Find $m\in\mathbb{R}$ such that inequality $x^2-(m+2)x+5-m<0$ is valid $\forall~x\in(1;3)$.
How I think of it:
Set $x^2-(m+2)x+5-m=0$
The parabola will be oriented upwards. In order to satisfy the hypothesis we need the following conditions:
$x_1\leq1,~x_2\geq3$
Write coefficients:
$ \begin{cases} a=1 \\ b=-(m+2) \\ c=5-m \end{cases} $
Calculate discriminant:
$\Delta=b^2-4ac=m^2+8m-16$
Put the condition $\Delta>0$ so the equation will have 2 distinct real roots:
$m^2+8m-16>0$
Set $m^2+8m-16=0$ and find the roots:
$m_1=-4(\sqrt{2}+1),~m_2=4(\sqrt{2}-1)$
$m\in(-\infty;m_1)\cup(m_2;\infty)\Rightarrow m\in\big(-\infty;-4(\sqrt{2}+1)\big)\cup\big(4(\sqrt{2}-1);\infty\big)$
Now find the roots of the initial equation:
$x_{1,2}=\frac{-b\pm\sqrt{\Delta}}{2a}=\frac{m+2\pm\sqrt{\Delta}}{2}$
Substitute in the conditions:
$\frac{m+2-\sqrt{\Delta}}{2}\leq1\Rightarrow m\leq\sqrt{\Delta}$
$\frac{m+2+\sqrt{\Delta}}{2}\geq3\Rightarrow -m+4\leq\sqrt{\Delta}$
Substitute $\Delta$ and solve the system of inequalities:
$ \begin{cases} m\leq\sqrt{m^2+8m-16} \\ -m+4\leq\sqrt{m^2+8m-16} \end{cases} $
We can square both sides unless the left hand side is negative. Example : $-2<1$ but $(-2)^2<1^2$ is false. How can I proceed? One idea would be to make a table of signs for $m$ and $-m+4$ and take in consideration all the possible cases, then take the reunion at the end. Is there an easier way to solve these equations with square roots? Also, am I overcomplicating this problem?
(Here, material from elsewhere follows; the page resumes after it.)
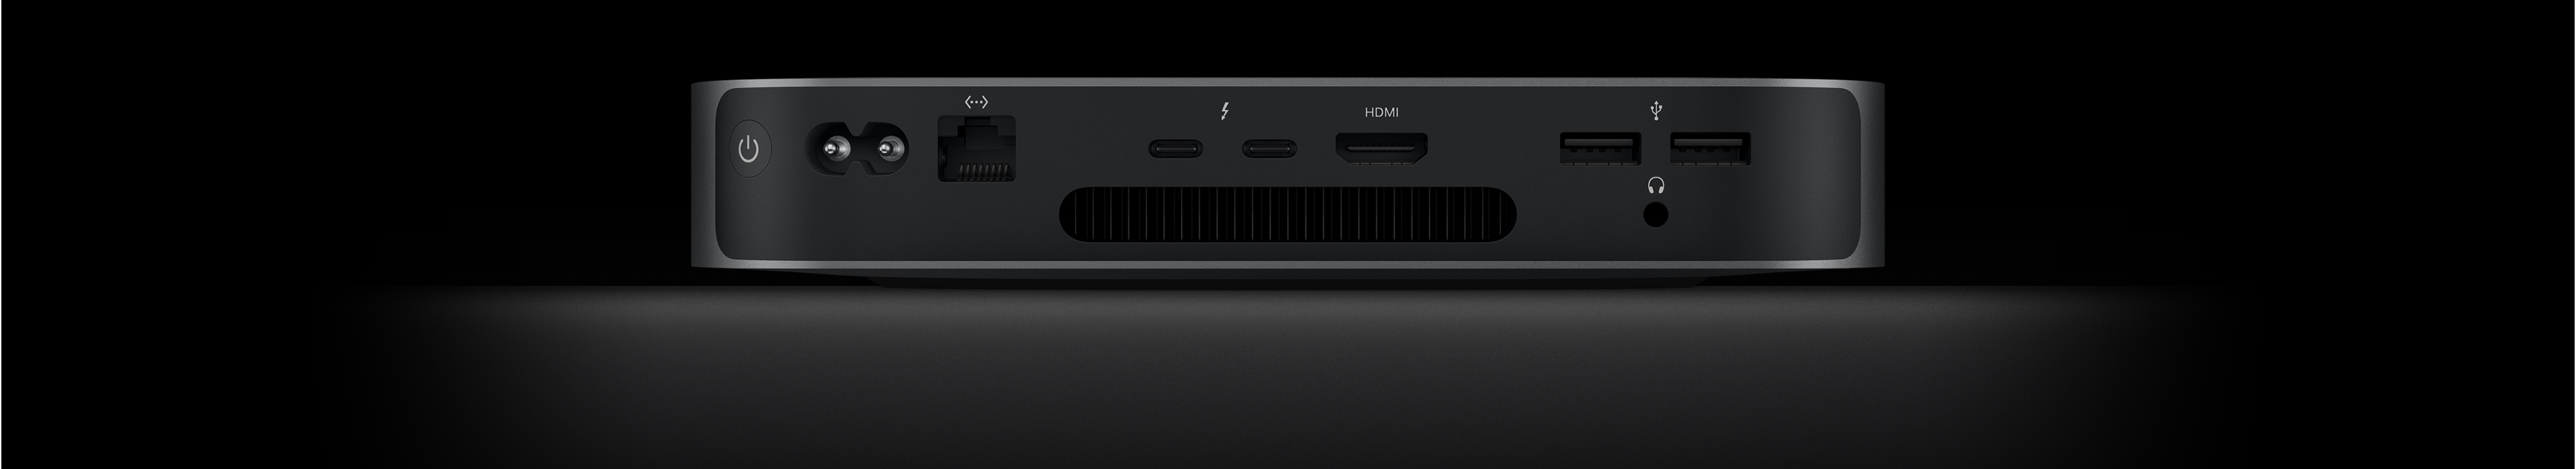 Vue arrière de Mac mini montrant les deux ports Thunderbolt 4, les port HDMI, les deux ports USB-A, la prise pour écouteurs, le port Gigabit Ethernet, le port d’alimentation et le bouton de mise en marche.
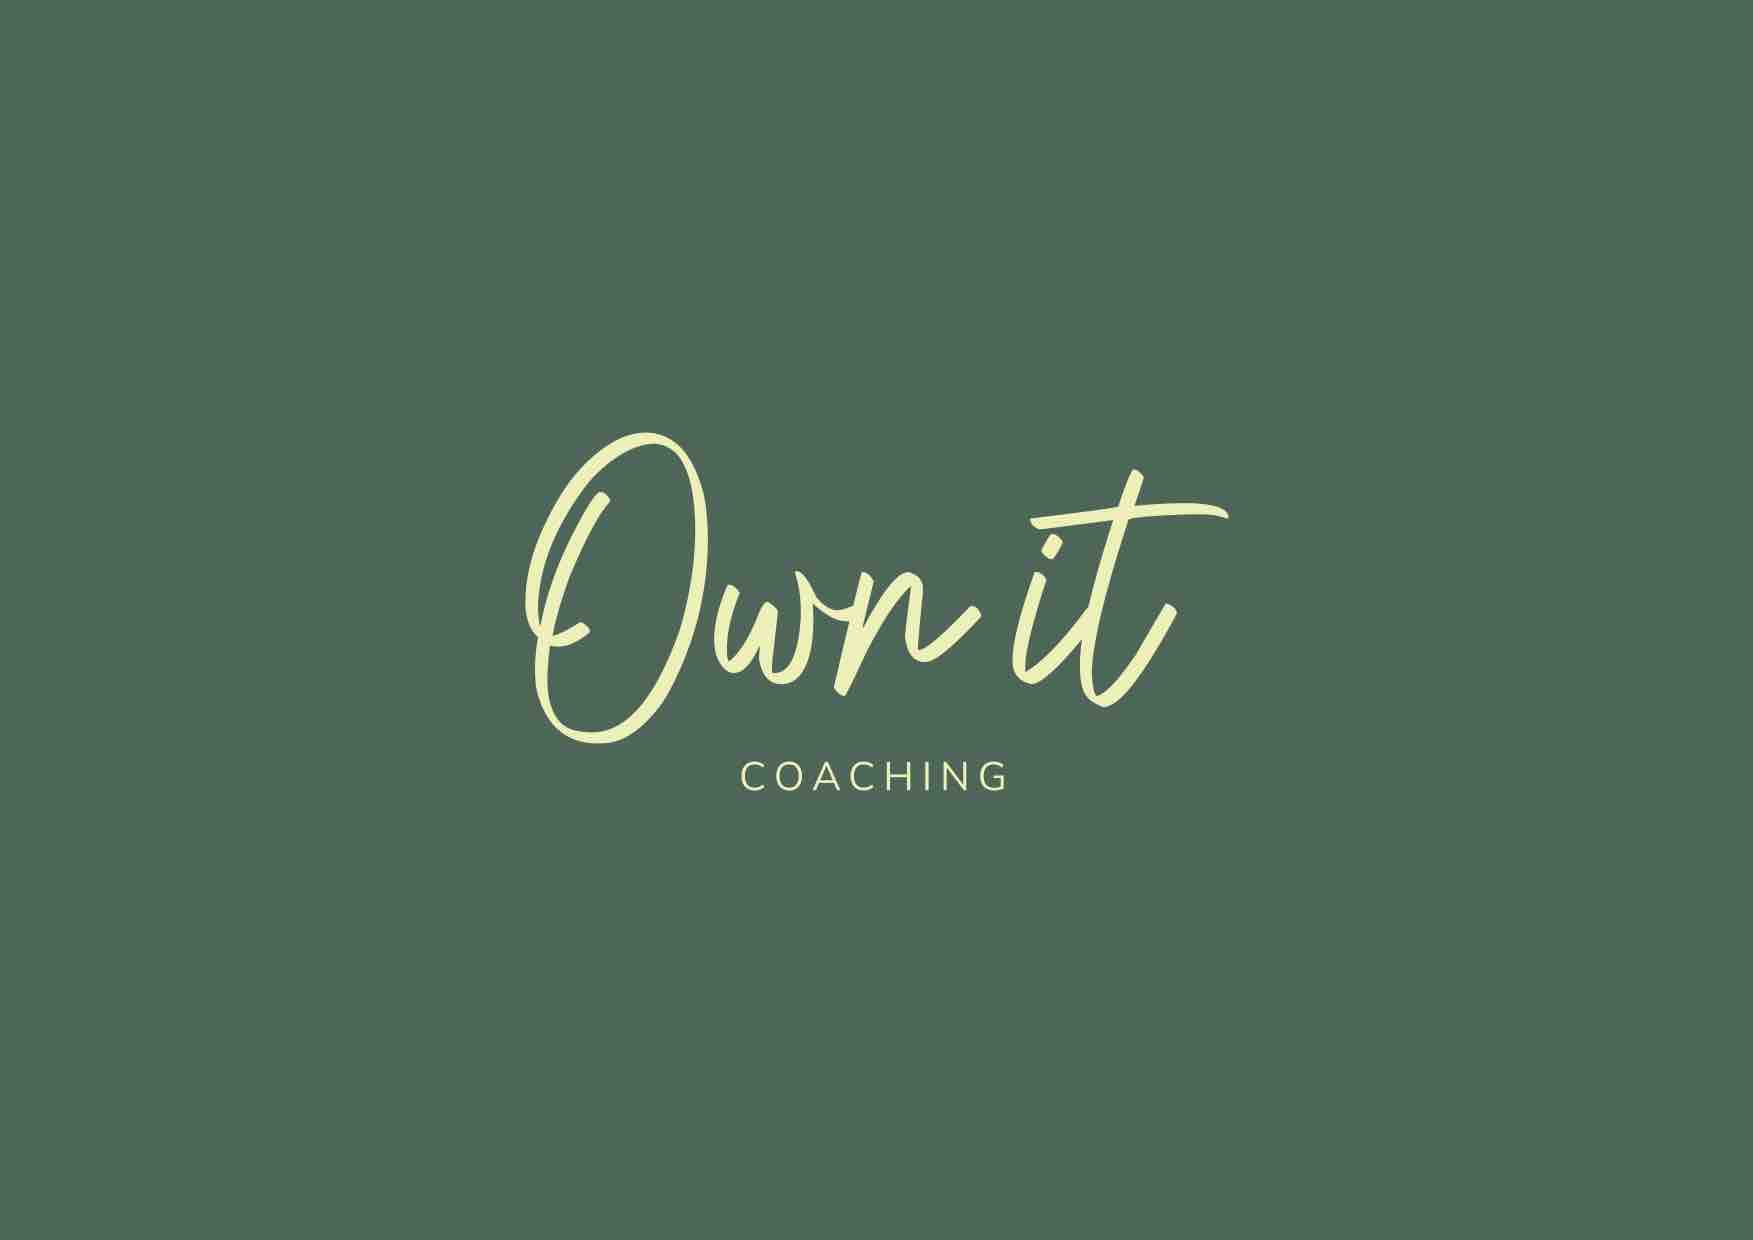 Life coaching - Own It Coaching

Thanks for the help
You have $(\forall x\in(1,3)):f(x)<0$ if and only if $f(1),f(3)\leqslant0$. Since $f(1)=4-2m$ and $f(3)=8-4m$, you have $f(1),f(3)\leqslant0$ if and only if $4-2m\leqslant0$, which is equivalent to $m\geqslant2$.